I am thinking of database schema for post and its comments, in context of a social networking application and im wandering which of these two would give better performance:
I am storing comments of a post in "Comments" Table and posts in the "Posts" Table. Now my schema for the comments table looks like this:
postId commentId postedBy Date CommentBody
Since in order to retrieve the comments of a post I would be required to search all posts whose postId matches postId of this specific post and even my postId could not become primary key since the postId would be non unique within the column(since several comments for a single post), therefore I was thinking if I could merge postId and commentId into one single commentId (this becomes primary key) using which postId could also be retrieved. This is how I am thinking:
CommentId would be generated as postId*100+i (where i is the ith comment on the post)
thus in order to retrieve comments for a post(say with postId=8452 ) I would search all posts with commentId(that would be primary key), lying between 845200 & 845299.. instead of searching all comments with postId=8452.. (of course this limits the maximum no of comments to 100). But will this lead to any performance gains?

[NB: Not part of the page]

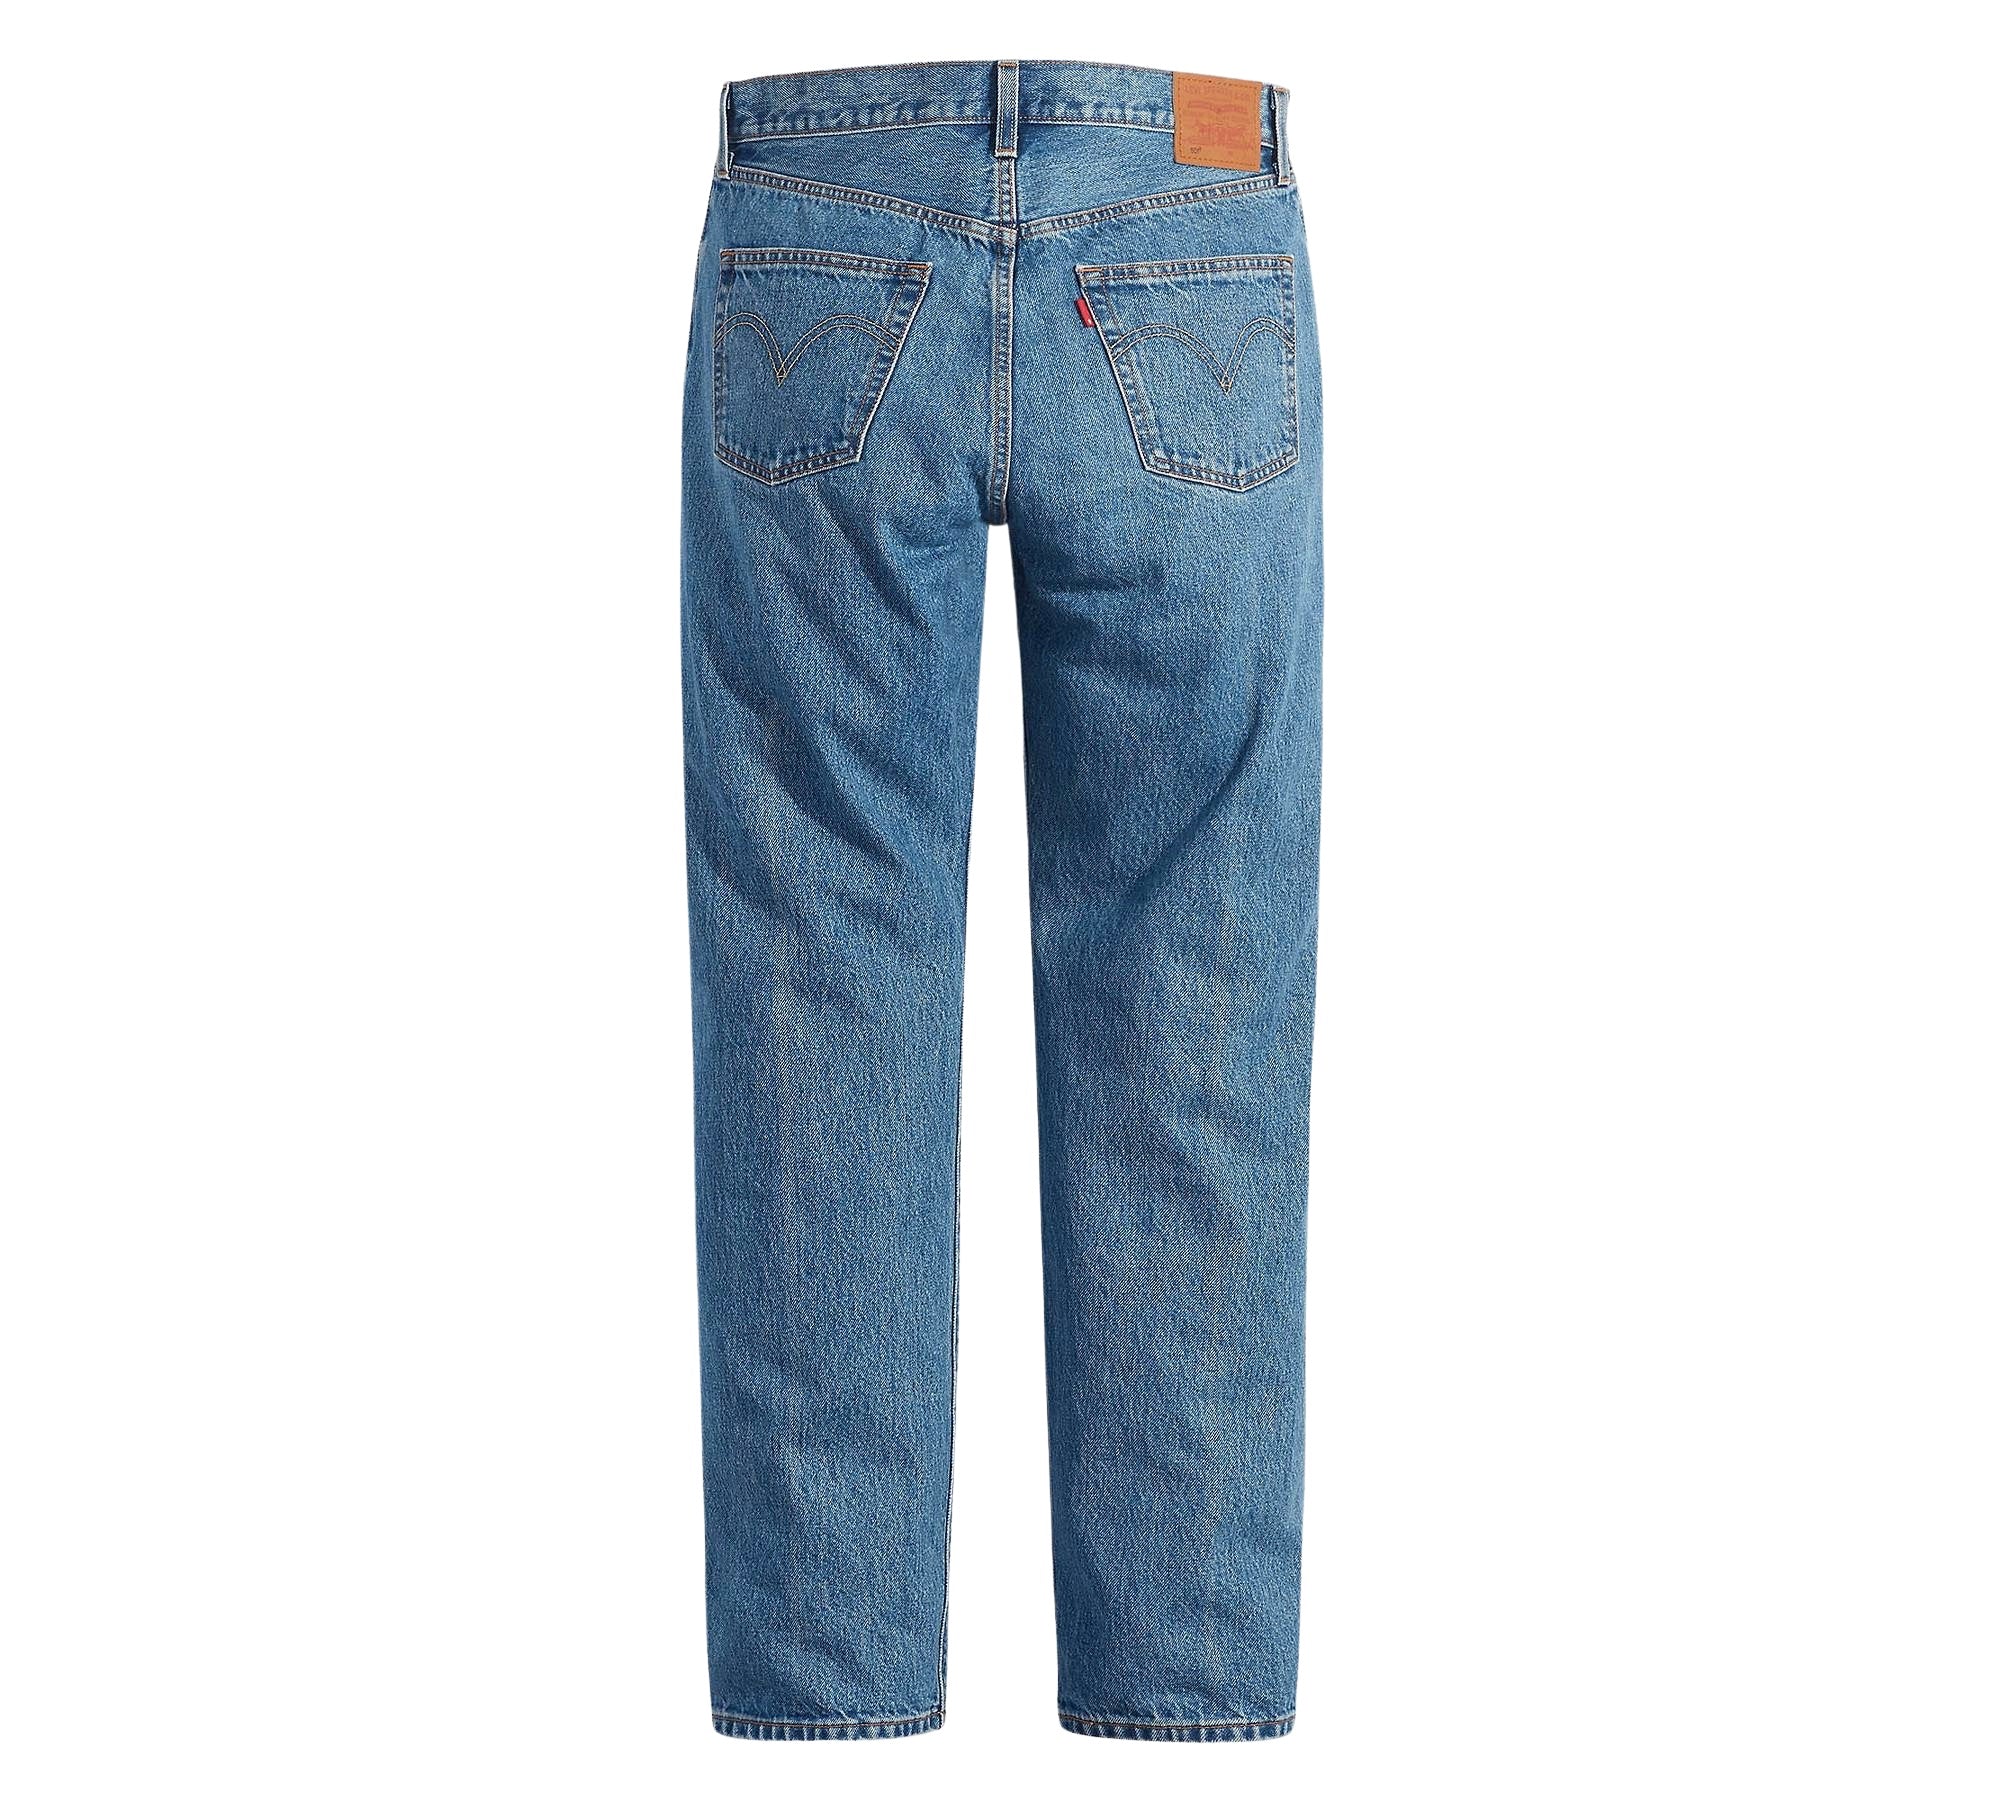 4 Pack - Vintage LEVI'S Classic Blue Zip Fly Jeans - Waist 31 - Length 34 - Vintage Superstore Online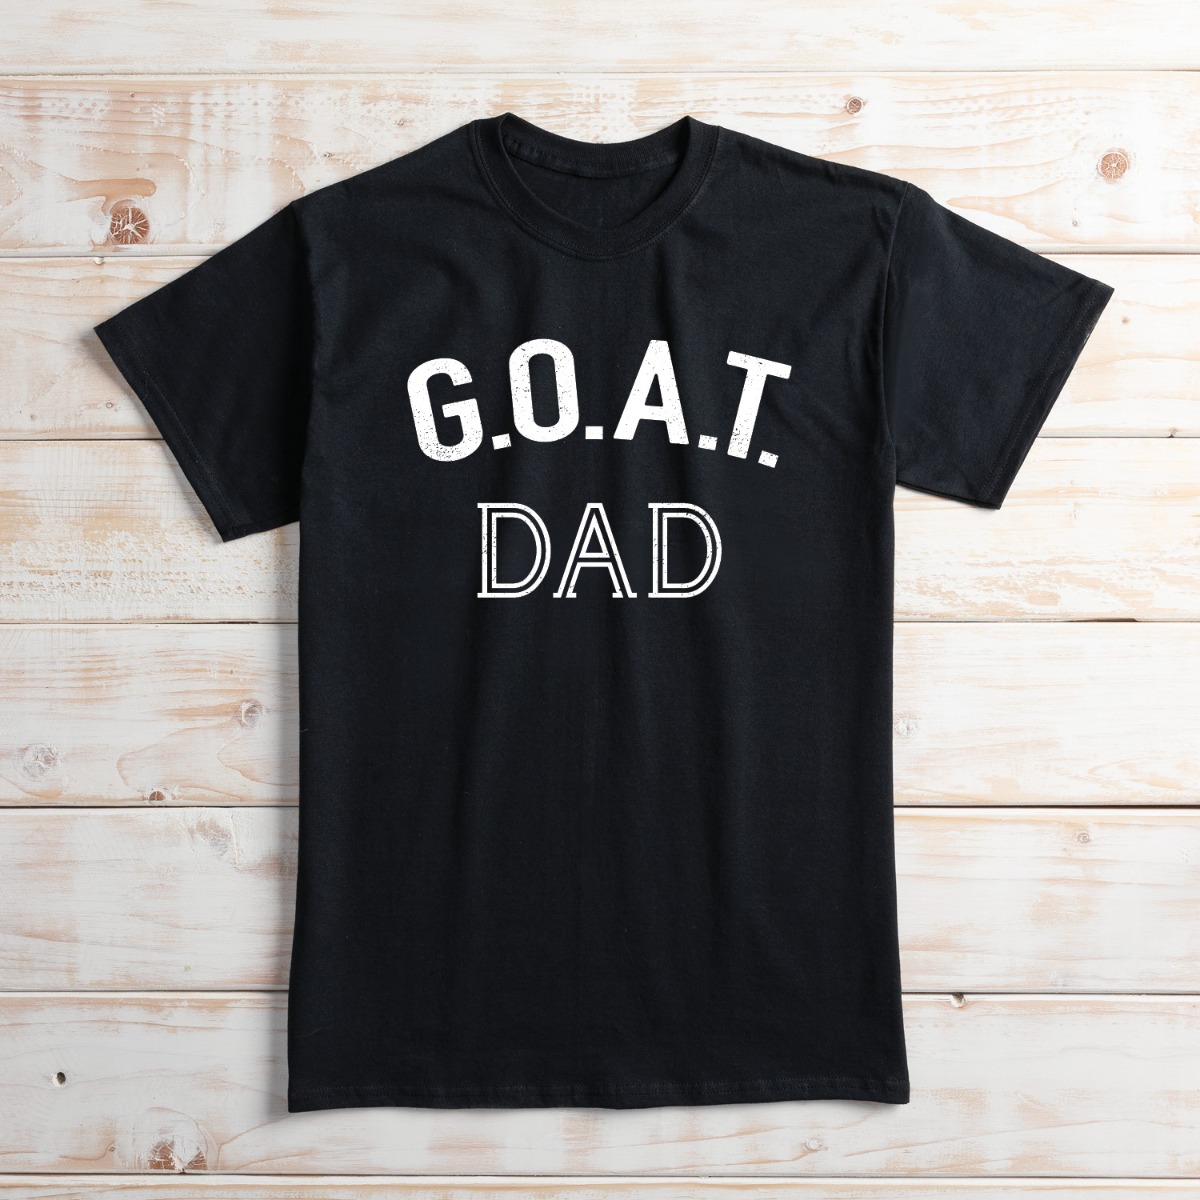 G.O.A.T. Dad Black Adult T-Shirt

Here's what you do. Load up a database with representative data at (for example) twice the size you ever expect it to get.
Then run your queries and test them against both versions of the schema.
Then, and this is the good bit, retest this every X
weeks with new up-to-date data to ensure the situation hasn't changed.
That's what being a DBA is all about. Unless your data will never change, database optimisation is not a set-and-forget operation. And the only way to be sure is to test under representative conditions.
Everything else is guesswork. Educated guesswork, don't get me wrong, but I'd rather have a deterministic answer in preference to anyone's guess, especially since the former will adapt to changes.
My favorite optimisation mantra is "Measure, don't guess!"